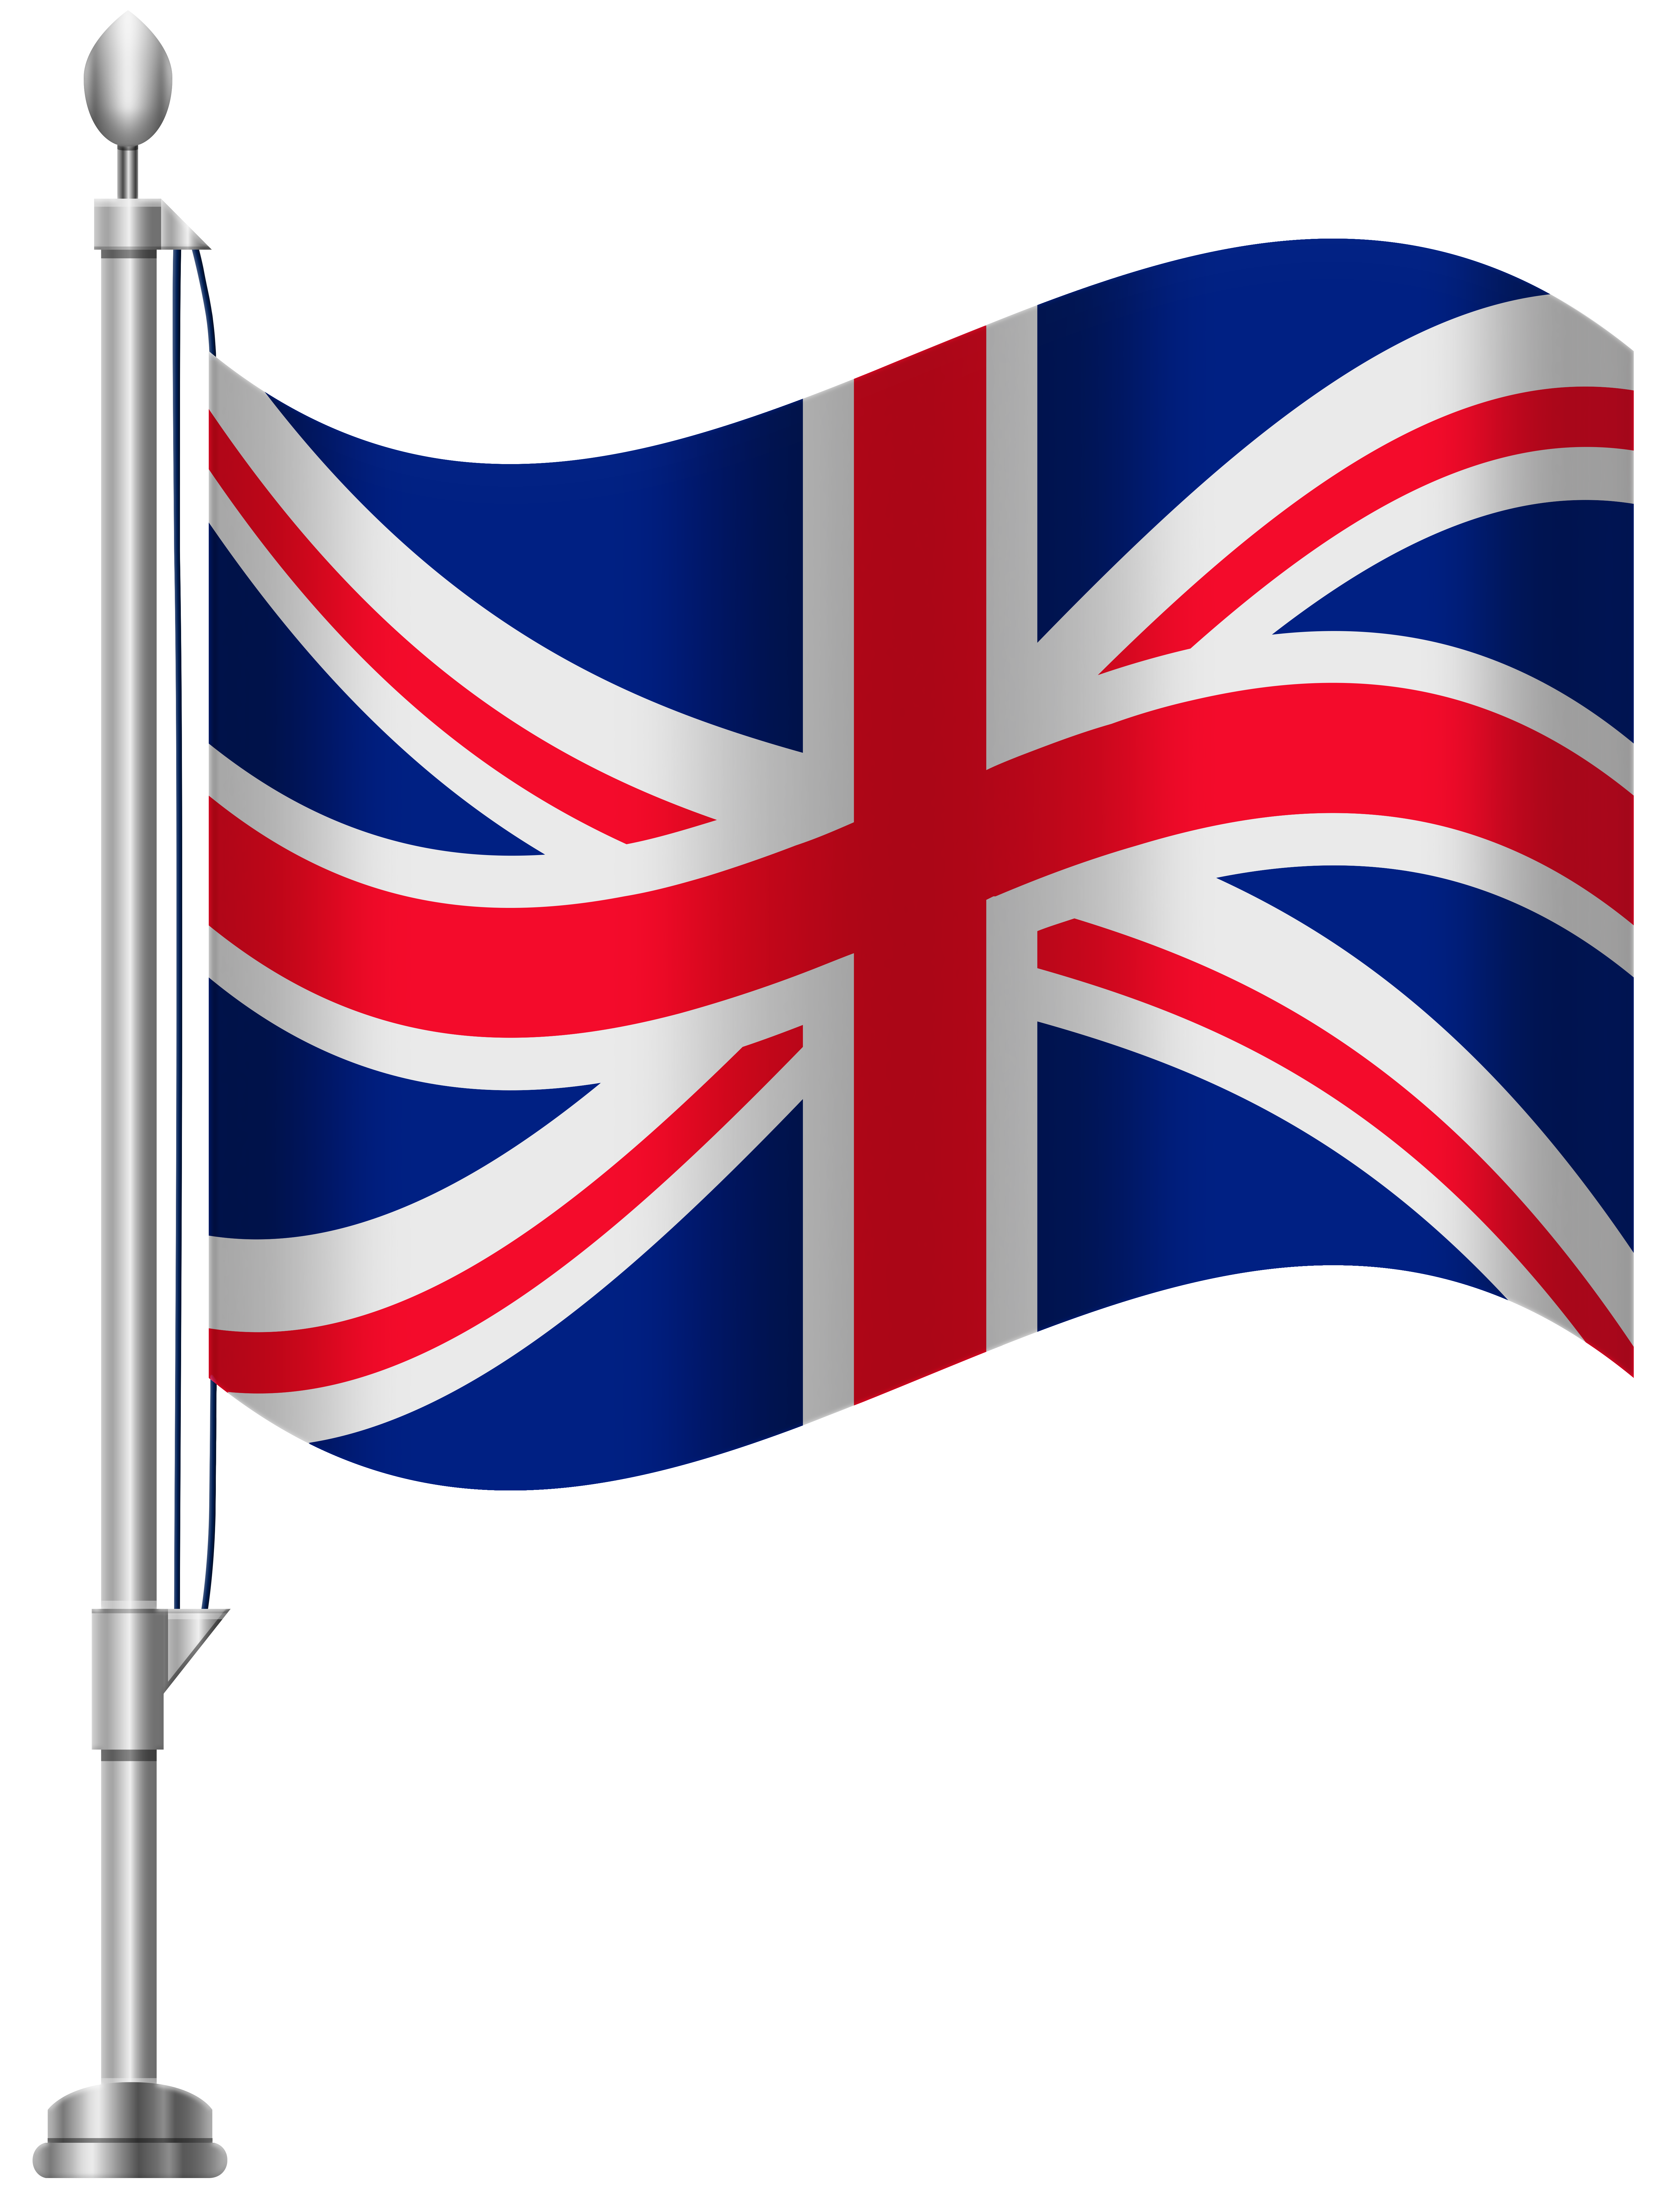 6141x8000 United Kingdom Flag Png Clip Art
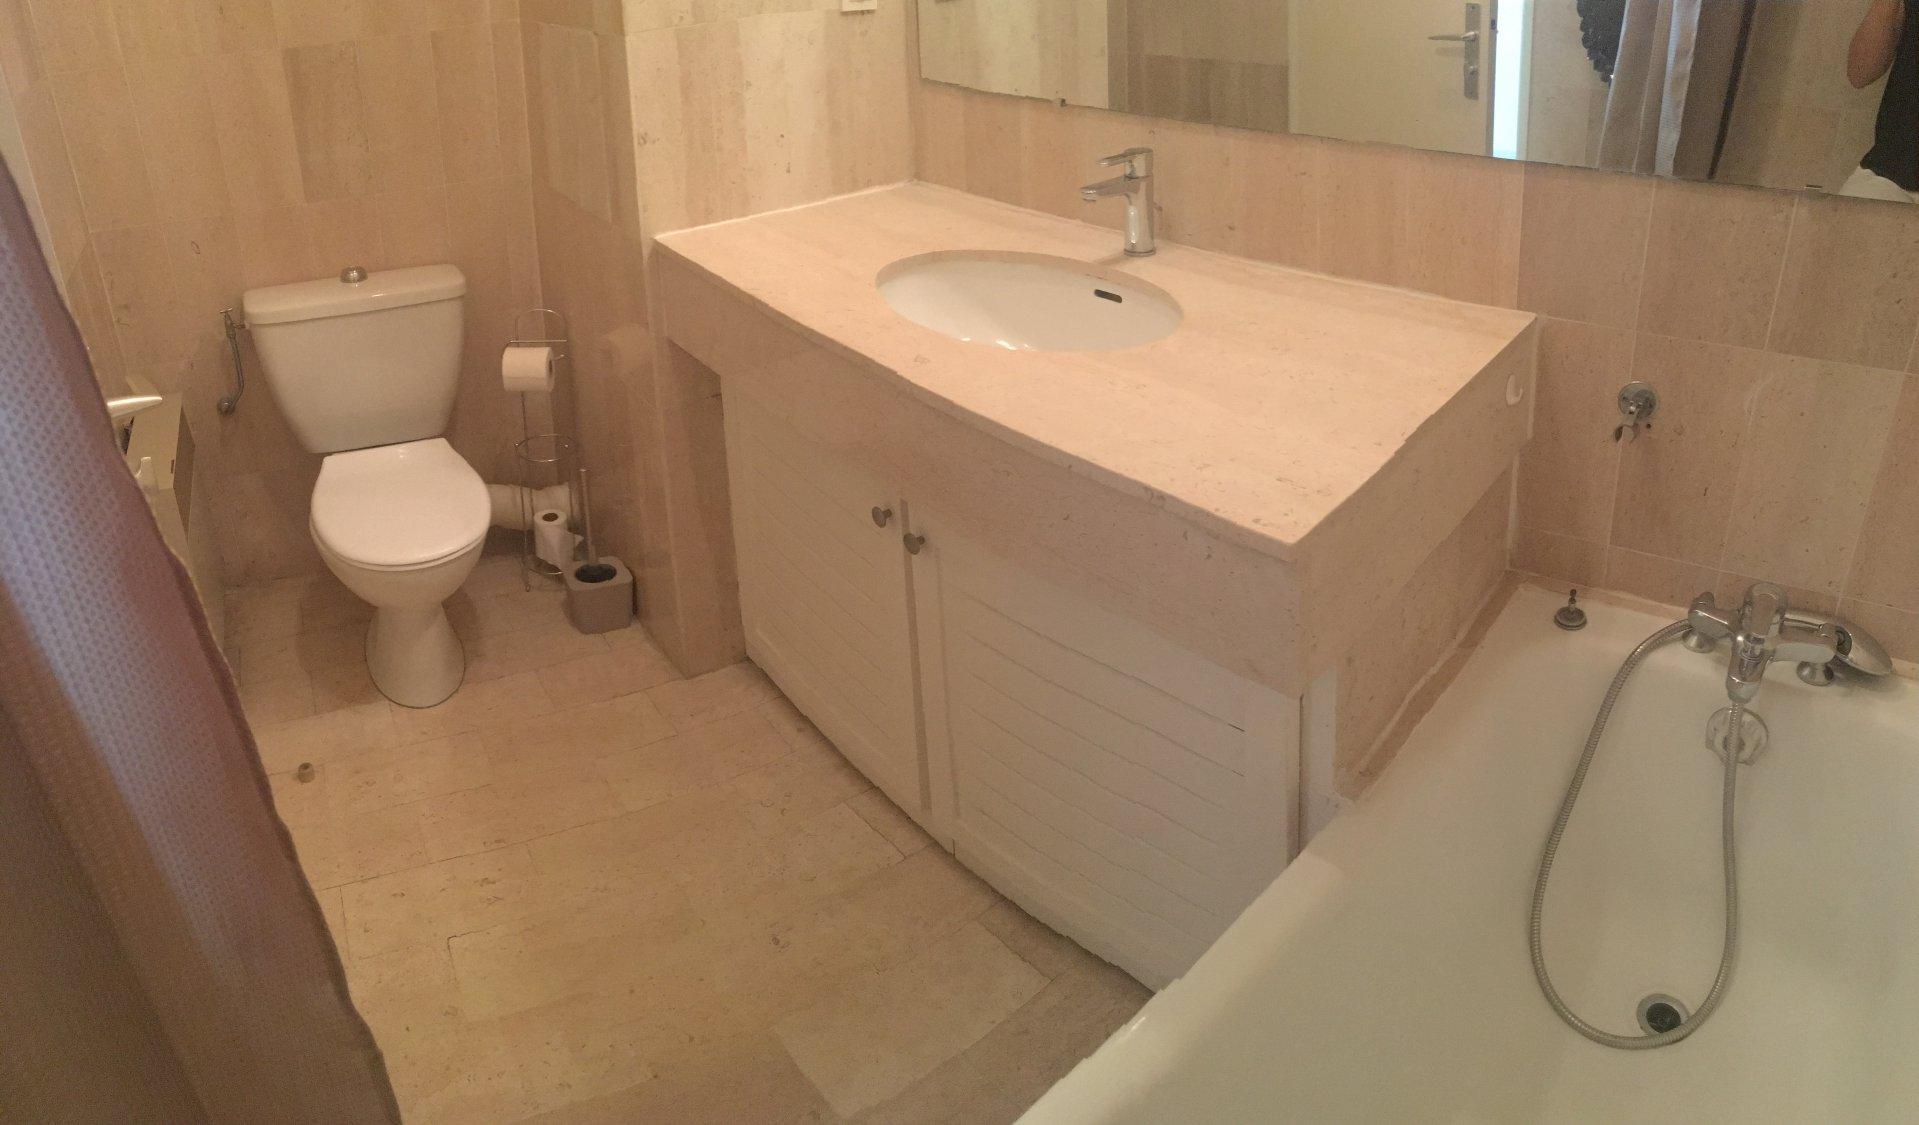 Seasonal rental Apartment - Villeneuve-Loubet Marina Baie des Anges
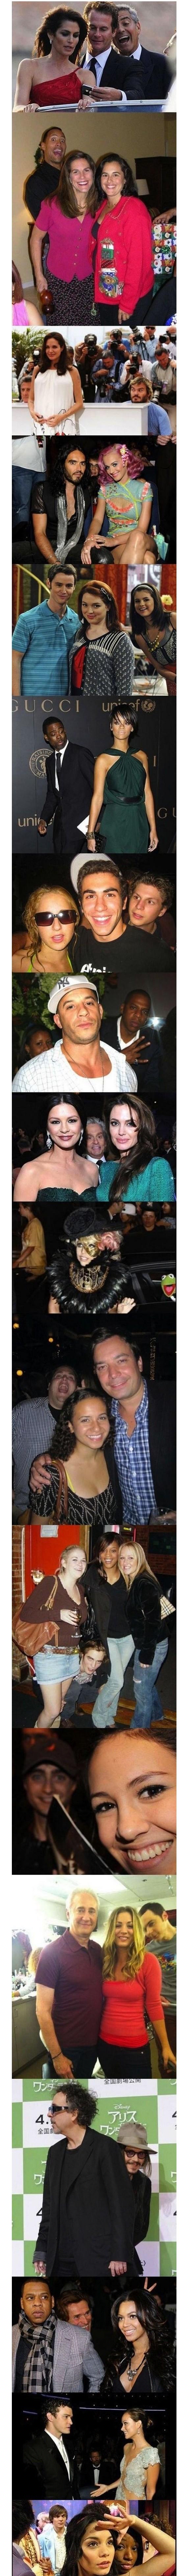 Really Cool Celebrities Photobombing!

┄┄┄┄┄┄┄┄┄┄┄┄┄┄┄┄┄┄┄┄

#### [THE TASK]
Transcribe the material exactly, keeping every word and none of the pictures.

#### [OUTPUT FOR THIS EXERCISE]
 6141x8000 United Kingdom Flag Png Clip Art
 Seasonal rental Apartment - Villeneuve-Loubet Marina Baie des Anges
 Really Cool Celebrities Photobombing!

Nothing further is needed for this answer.